The KPMG report, entitled ‘Evolving Bank Regulation’ is the third in a series and assesses the main issues attached to each area of regulation – capital, liquidity, systemic risk, recovery and resolution planning and structural reform – and examines the scale of the task facing the industry.

“Banks are re-designing themselves for the new world – although expecting a lower return on equity than in the boom years,” said Jeremy Anderson, global chairman of KPMG’s financial services practice. Europe’s banking industry is likely to see significant consolidation, with the second tier likely to shrink in both breadth and number, as complexity, higher capital and optimal threshold bite. We believe the main brand names will continue in the market, but with fewer challenger banks emerging than might have been expected.

“They will need to convince investors that lower returns will be compensated by lower risk to earnings over the long term. Doing this well will be a key factor in driving shareholder value in the world after 2008.”

The report highlights recent figures showing that the return on equity (RoE) among European global systemically important financial institutions (G-SIFIs) fell from a peak of 16% in pre-crisis 2006 to less than 6% in 2011, although with an upward trend in 2012.

Key challenges identified in the report include:

  • Regulatory complexity and uncertainty: Multiple new regulations and reporting requirements face banks, complicated by compliance with many different regulators. Even the regulators are worried about the volume and complexity of the current regulatory landscape and there are conflicting rules and requirements across borders and jurisdictions.
  • Diminished returns: Revenues are under severe pressure, while bank costs are rising as a result of regulatory implementation.
  • Big data, little use: With reporting requirements to comply with new regulations growing so rapidly, many banks are drowning in data and not necessarily using it very effectively.
  • Culture: Banks recognise that culture and behaviours need to change, but this cannot be achieved simply by writing new regulations. It requires significant re-plumbing; banks will need to take difficult decisions and then implement them effectively.

The report concludes that banks able to manage the complexity inherent in the regulatory agenda should be best placed at this major inflection point.

“It is not enough to simply respond to each regulation as it unfolds,” said Giles Williams, leader of KPMG’s regulatory centre of excellence for the Europe, Middle East and Africa (EMEA) region. “Institutions with sufficient resources and foresight are now progressing from responding to individual regulatory reforms, to designing the major transformation programmes needed to effect efficient change and position themselves to gain competitive advantage. 

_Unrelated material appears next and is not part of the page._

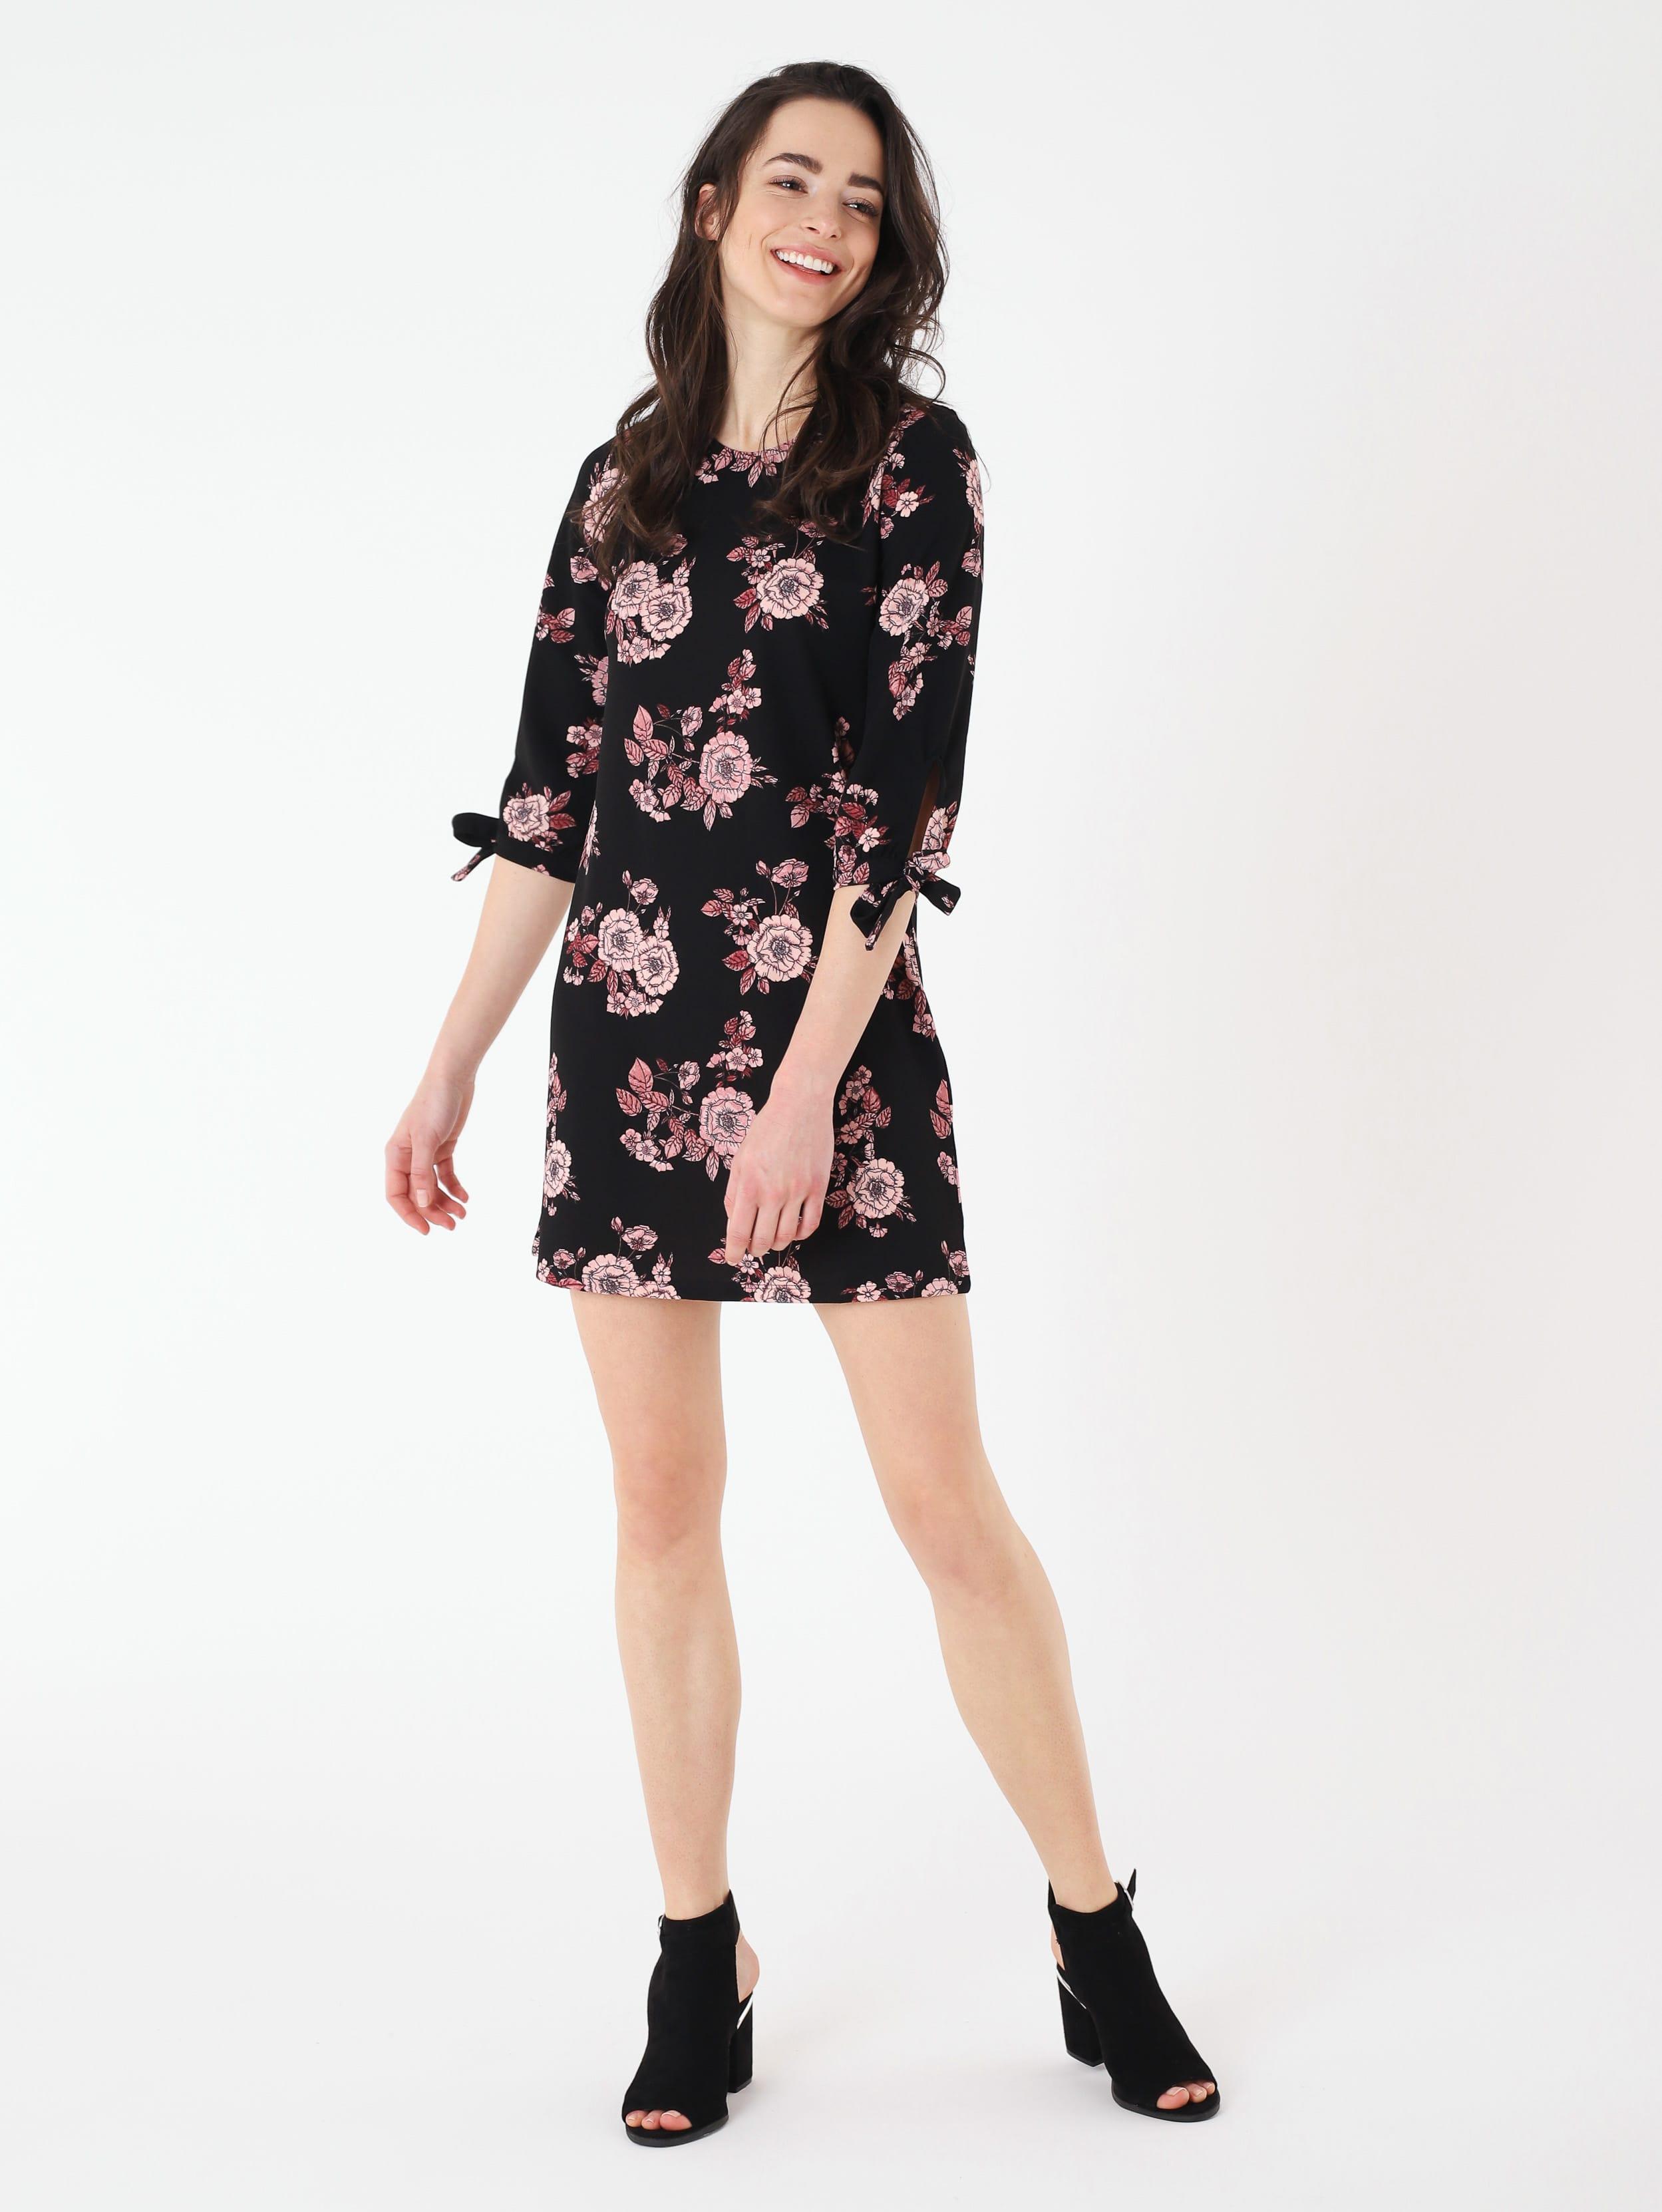 Vestito a fiori corto Terranova a 17,99 euro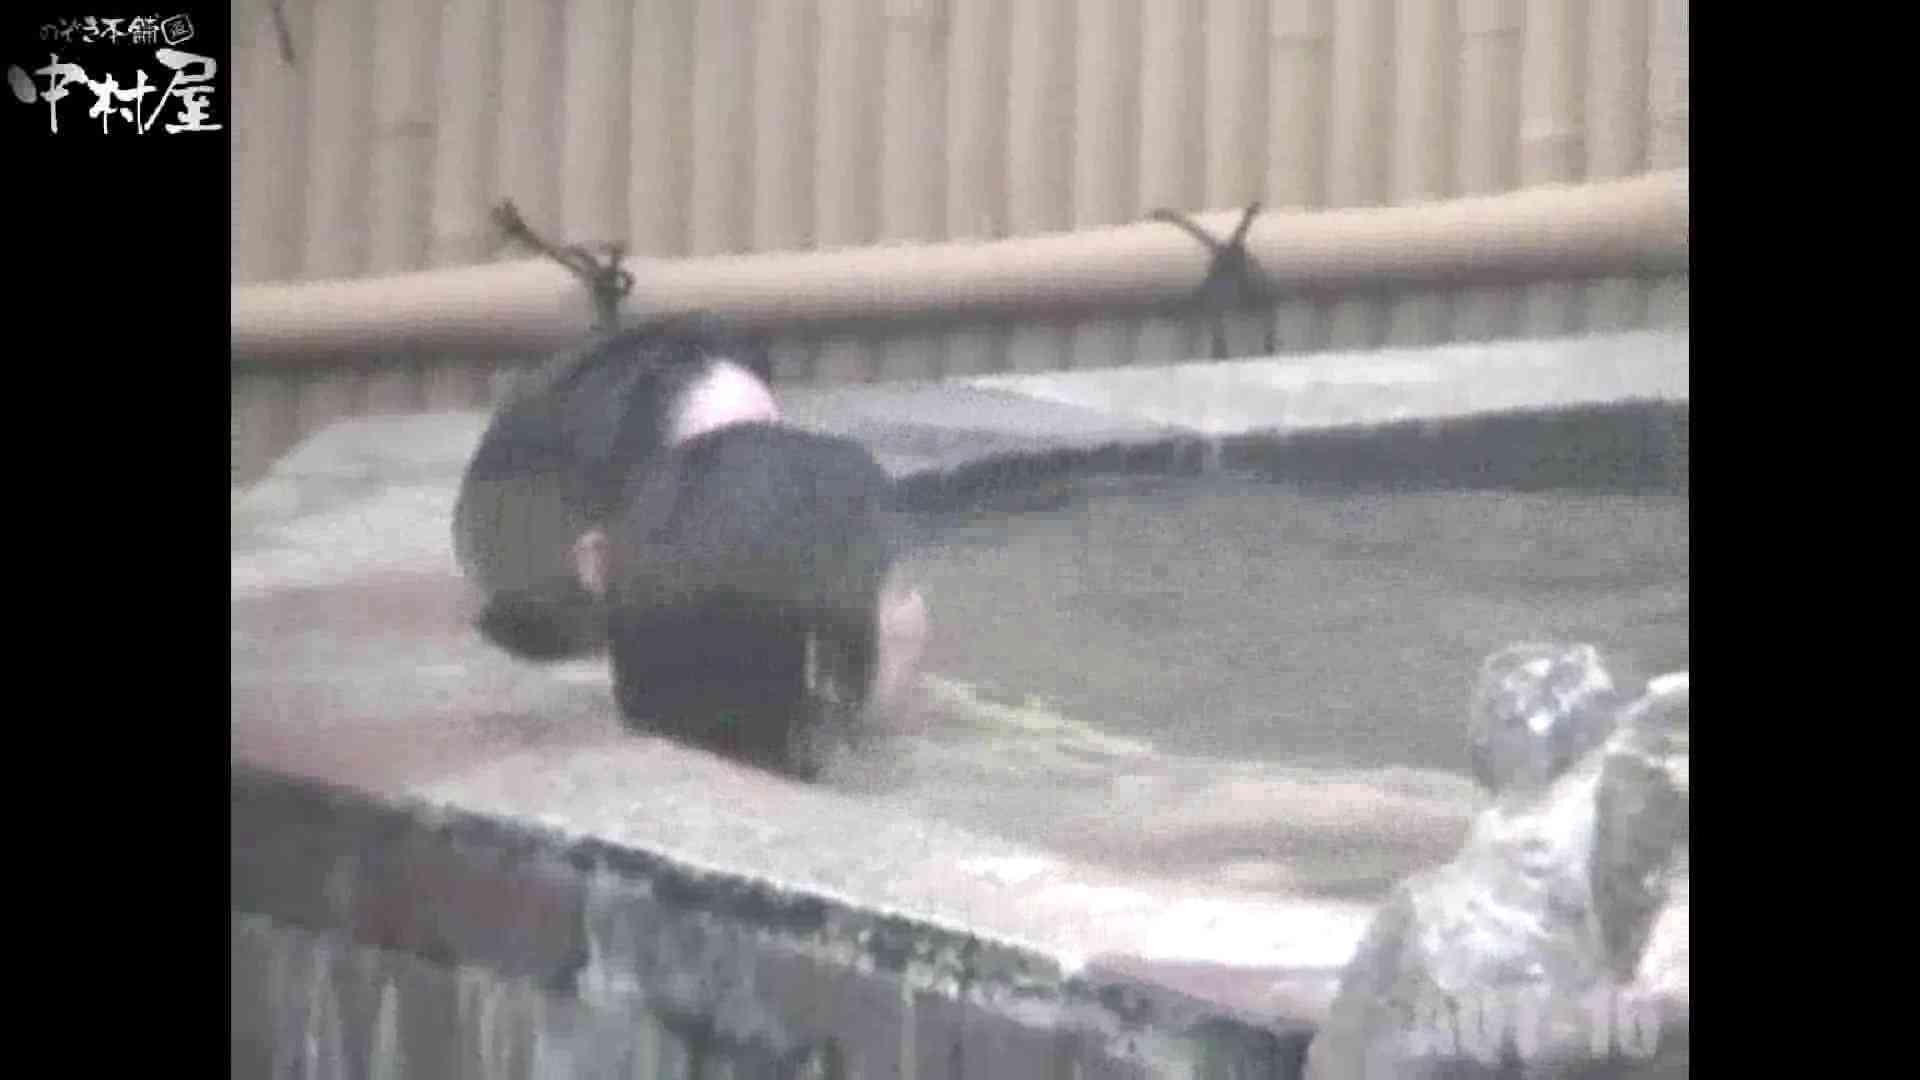 Aquaな露天風呂Vol.880潜入盗撮露天風呂十六判湯 其の七 盗撮シリーズ | 潜入  111PIX 40

“Single-point solutions, dealing with each regulation on an issue-by-issue basis just will not work. Those firms with a core, strategic office, capable of identifying both the consequences and unintended consequences of
regulatory change, will be the ones to succeed in these challenging times.”
Bill Michael, KPMG’s head of financial services in the UK, said that technology is one of the key tools in this process: “Banks run the real risk of becoming dinosaurs when it comes to their relationships with customers.  It’s ironic that organisations that never physically meet their customers, such as Facebook and Google, are developing more intimate relationships than banks that have had loyal customers over many years.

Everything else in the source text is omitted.